Но и эти вечерние трапезы за хорошо и красиво накрытым столом постепенно становились реже. Эва отнюдь не была таким наивным и послушным ребенком, как это представлялось ему в первые дни их знакомства. Сначала осторожно, а потом все решительнее настаивала она на том, чтобы встречаться по вечерам. Борьбу за то, чтобы он проводил с ней больше времени, она вела с чисто женской изощренностью.

— Ты уделяешь мне много внимания днем, — говорила она, — но мне бы хотелось проводить с тобой и вечера. Мы, например, ни разу не были в опере.

Хотя он раньше почти не бывал в Большом театре, ибо, как он откровенно признавался, ничего не понимал в оперном искусстве, теперь стал все чаще хлопотать о дефицитных билетах, а в день спектакля исчезал из дома на весь вечер и половину ночи. И еще, когда Куне удавалось устроить Эве выступление в более или менее крупном городе, скажем в Торуне или Радоме, Анджею приходилось изворачиваться перед Ренатой, ссылаться на вымышленную командировку, а фактически улетать самолетом вместе с Эвой.

Зато, правда, такие поездки позволяли им обоим создавать видимость супружеской жизни, у них появлялся на день или два этакий семейный псевдоочаг в гостиничных декорациях.

Рената верила или делала вид, что верит, в служебный характер его поездок, ела в эти дни что попало и как попало, так как отпадал пресловутый «обедо-ужин», приготовляемый обычно не ради ее самой. На работе же пани Зофья догадывалась, зачем ее шеф берет двухдневные отпуска, а неугомонная Перкун тщательно регистрировала эти отлучки, сокрушаясь вслух, что они приходятся как раз на те дни, когда у нее скапливается огромное количество дел, с которыми нужно ознакомить шефа.

По возвращении в Варшаву уже на пороге дома наступало похмелье. Нужно было отстрадать за каждую такую поездку. Тяжело было носить на лице лживую маску, скрывать правду. Он вынужден был обманывать, не решался открыть Ренате суровую правду, старался уйти от серьезного разговора. Лучше всего было запереться под любым предлогом в своей мастерской, опершись локтями на стол, зажать ладонями голову и в очередной раз начать диалог с самим собой.

— Я, конечно, свинья, в лучшем случае жалкий трус. Временами боюсь глянуть ей в глаза, чтобы не залиться румянцем, — начинало разговор лучшее из двух его «я».

— Ты думаешь, что она знает обо всем или догадывается и поэтому тебе страшно? Ошибаешься, ты очень ловко делаешь вид, что все в порядке. И в этом, пожалуй, спасение для вас обоих, — говорило второе его «я».

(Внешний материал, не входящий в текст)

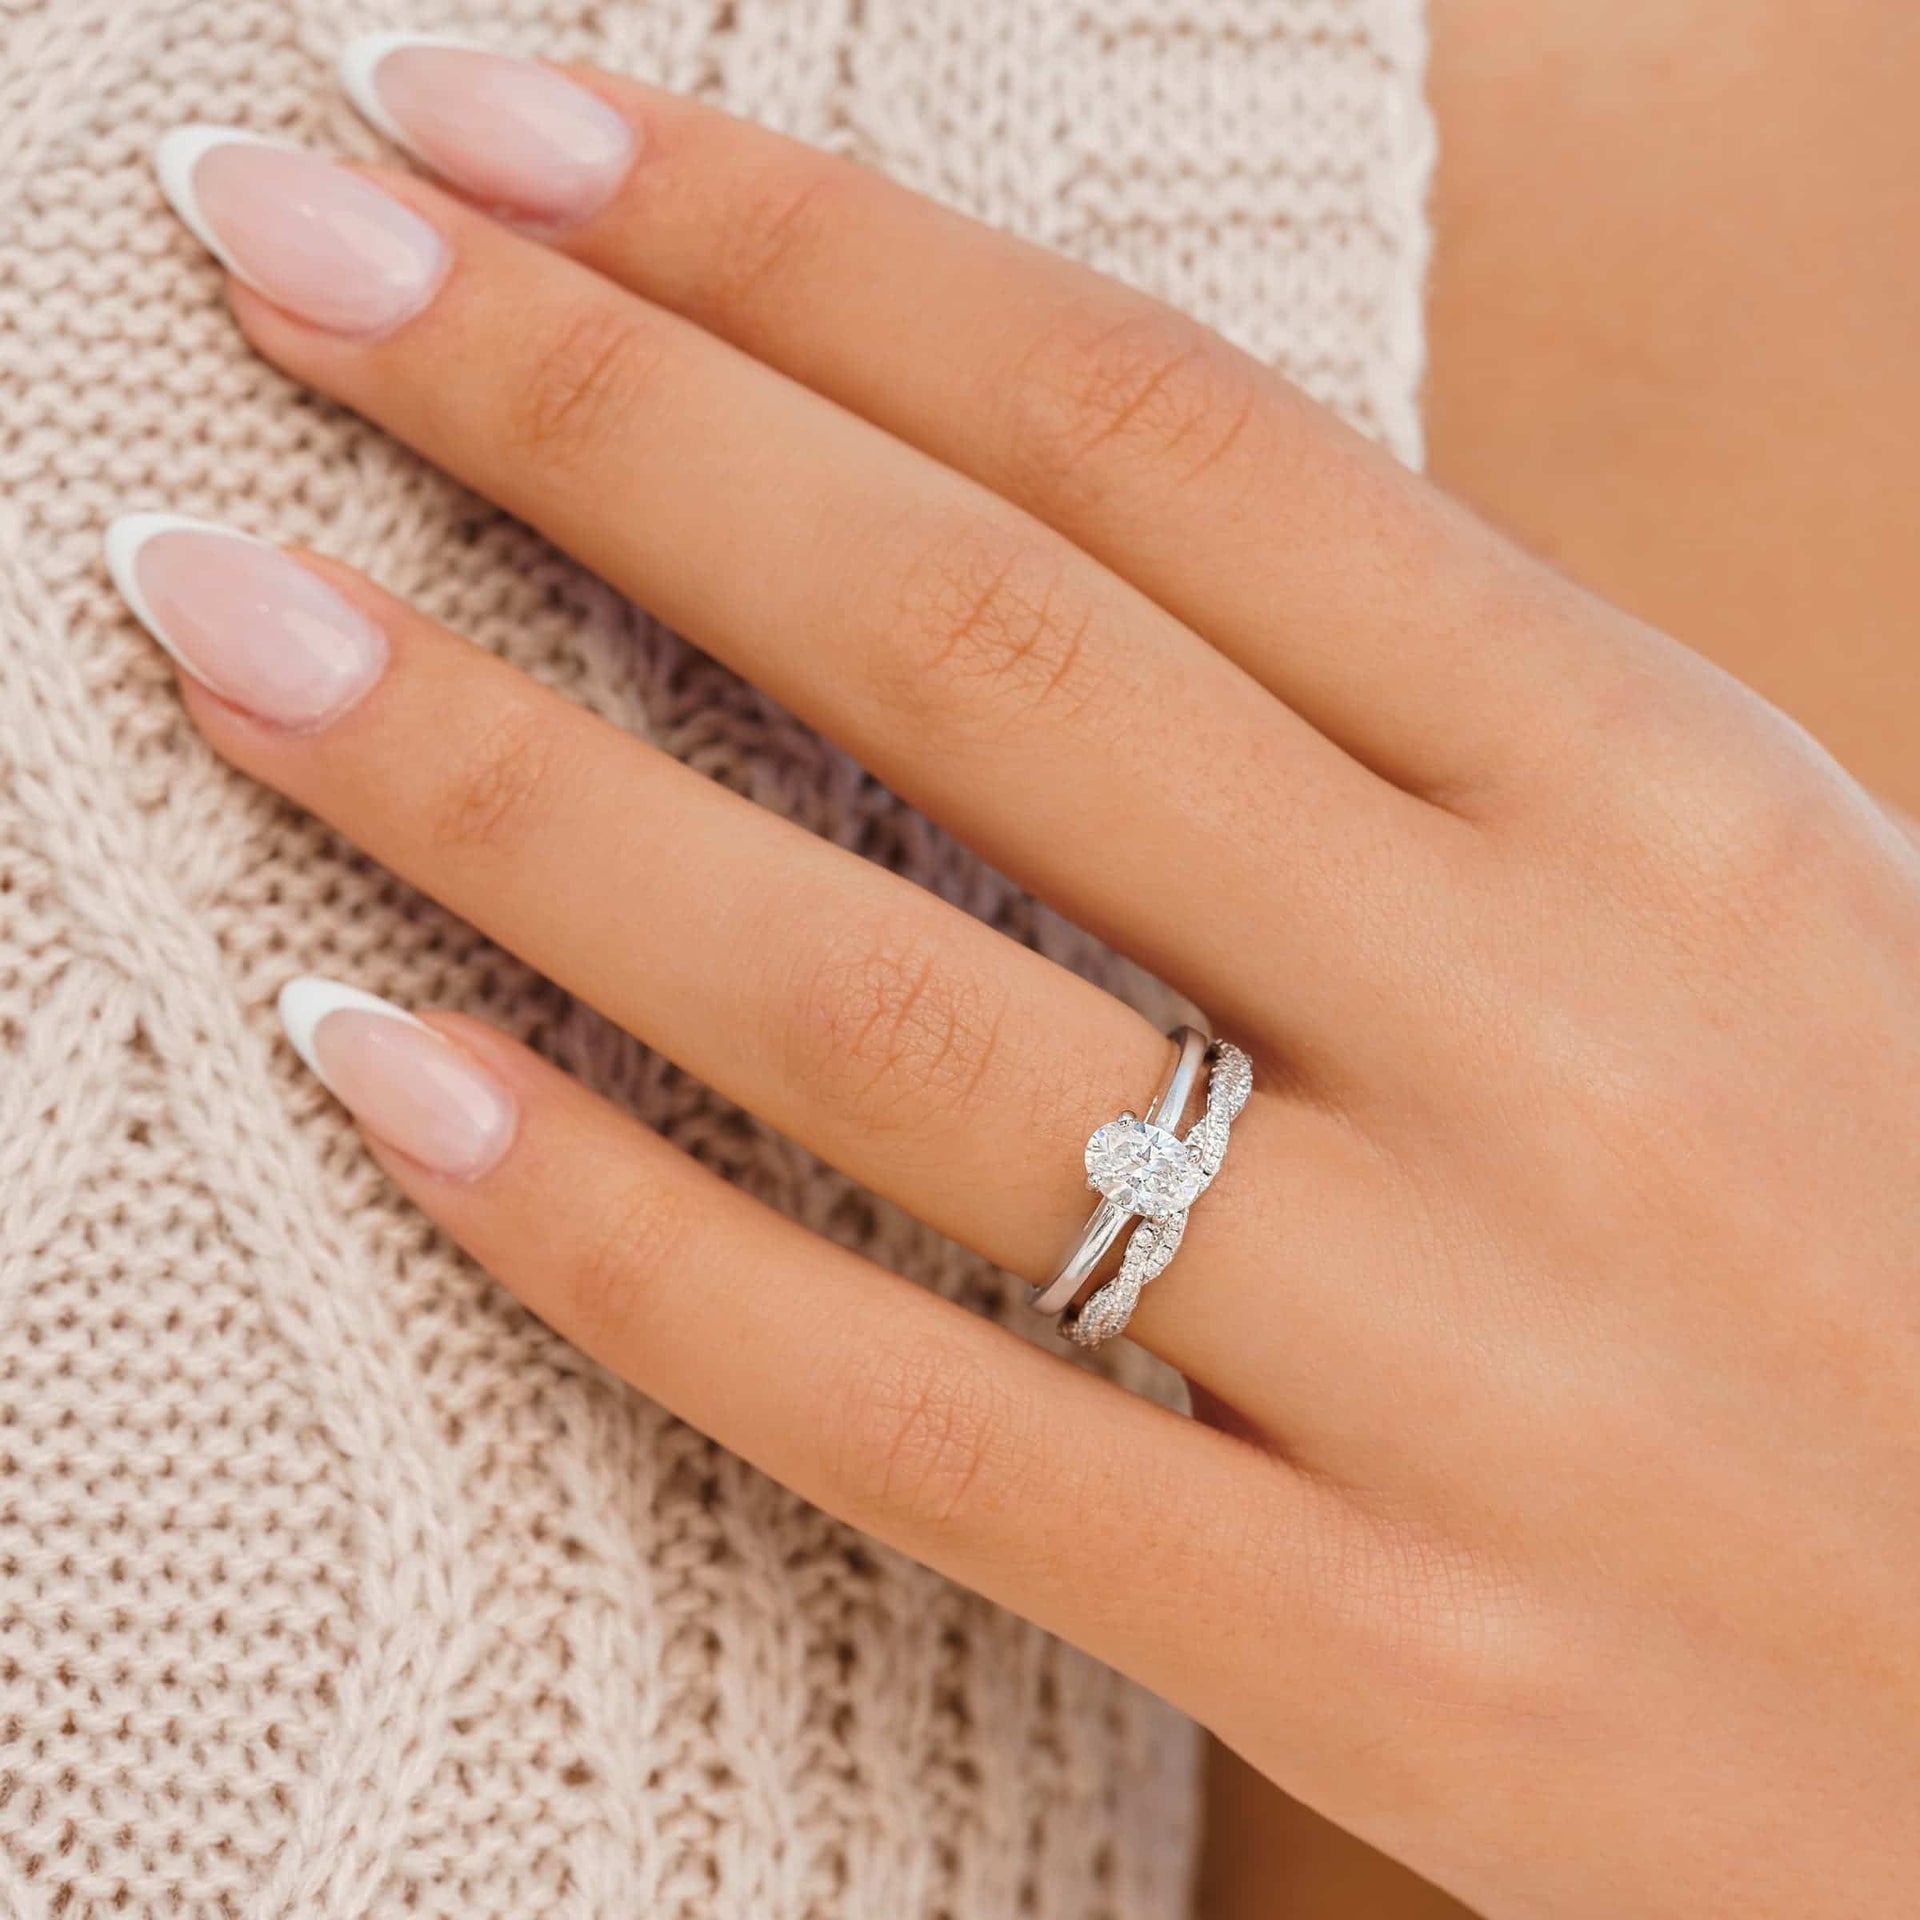 petite engagement ring on ladies hand

— Какое там спасение. Обман. Честнее было бы сказать правду.

— Правда в данном случае жестока, на это ты никогда не решишься, ведь ты всю жизнь выдавал себя за порядочного человека, и все тебя таким считают. Хочешь уйти от нее, причинить ей боль, обидеть, в обывательском смысле этого слова, и к тому же поставить себя в глупейшее положение. Разве ты не знаешь, как люди испокон веков смотрят на такие вещи? Не забывай, что тебе давно стукнуло сорок, а Эве только двадцать. У нее все может быстро пройти, а у тебя останется навсегда. Наступит крах.

— Одно из двух: либо покончить с обманом в собственном доме, либо задушить в себе чувство к Эве и расстаться с ней.

Но в этот момент он отрывал голову от ладоней, поднимал глаза кверху, на стену, где висела репродукция автопортрета Гогена, перед которым он преклонялся, в этом художнике его поражало все: с какой стремительностью он бежал в девственный мир природы, как по-мужски, решительно разорвал путы условностей. И тогда Анджей говорил себе: «Нет, нет, нет! Я имею право на какие-то переживания. Я имею право вырваться из омута обыденности, защитить то, что сохранилось во мне от моей молодости, защитить надежды, которые возрождаются вновь, рядом с Эвой. С ней и для нее я мог бы еще раз попытаться добиться чего-нибудь в этом мире. Любовь — это мое будущее, это будущее моего творчества. Если я потеряю ее, потеряю все. Я стану никем».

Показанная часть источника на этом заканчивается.